Manuel Melgar was married three times; his second wife was María del Carmen Rodriguez Carmona. It is not clear how many children the couple had: different sources suggest there might have been three of five siblings. Francisco was born as the second oldest son, all raised in fervently Catholic ambience. None of the sources consulted provides information where he received his childhood and early teen education. In 1864 he entered Universidad Central and pursued a double curriculum, studying both at Facultad de Filosofia y Letras and at Facultad de Derecho. During his academic years he was exposed mostly to Liberal thought of his professors, like Castelar, Montero, Salmerón and Moret, though he forged friendship with conservatively minded students like Enrique de Aguilera, the future marqués de Cerralbo. He graduated in 1868 in both law and letters.

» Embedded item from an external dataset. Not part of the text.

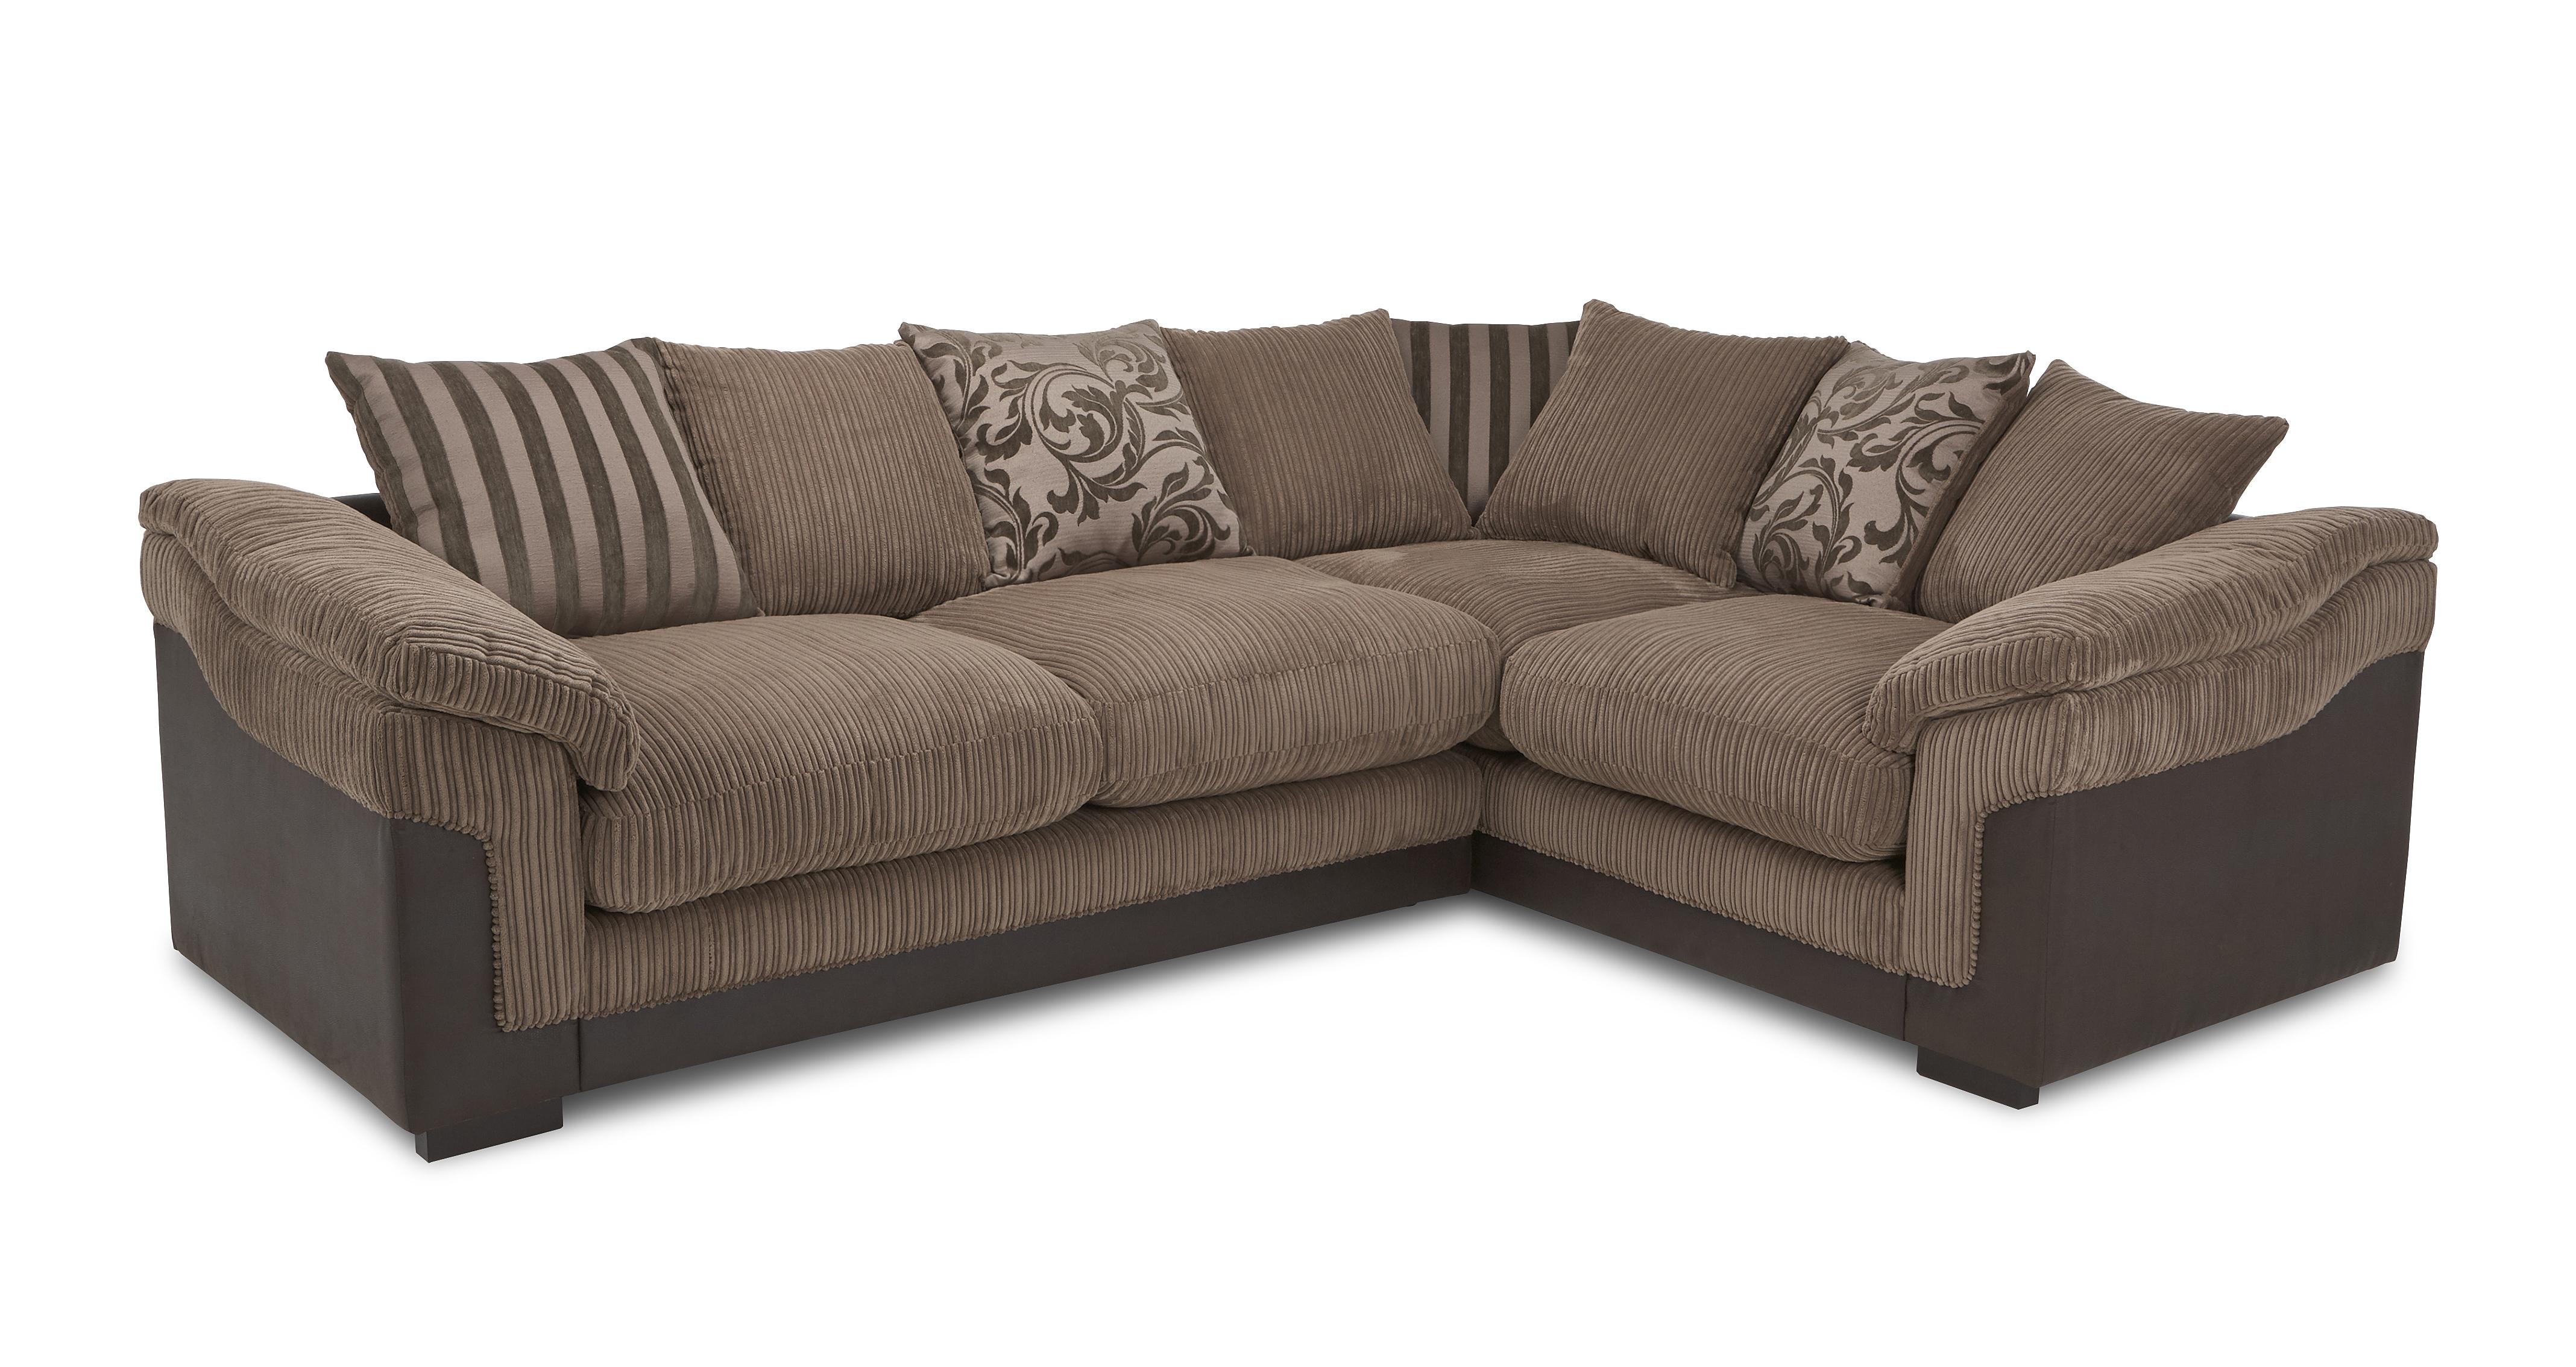 ebay uk sofa beds for sale

Family life of Francisco Melgar remains rather obscure; neither he in his memoirs nor any of the scholars offers any meaningful insight into his personal matters. Next to nothing is known about his wife, Jeanne Trampus, born probably in Trieste and married in Paris in 1906. According to Melgar she was mentally ill and developed maniac behavior; She deceased before her husband; their daughter, Carmen Melgar Trampus (1907-1990), became a nun. Their son, Francisco Carlos Melgar Trampus, as a youngster serving as secretary to the Carlist claimant Don Jaime, engaged in Madrid Carlist structures of the 1920s; in the 1930s he was the Paris correspondent of Estampa and As, in the 1940s active in the Francoist press; in the 1950s he acknowledged Don Juan as legitimate Carlist heir and entered his Consejo Privado. Author of a few books on Carlism, in the 1960s he wrote as a columnist to ABC. His son, Jaime Melgar Botassi, worked as translator. Currently the condado rests with Francisco's great-grandson, Francisco Melgar y Gómez de Olea Botassi y Naveda.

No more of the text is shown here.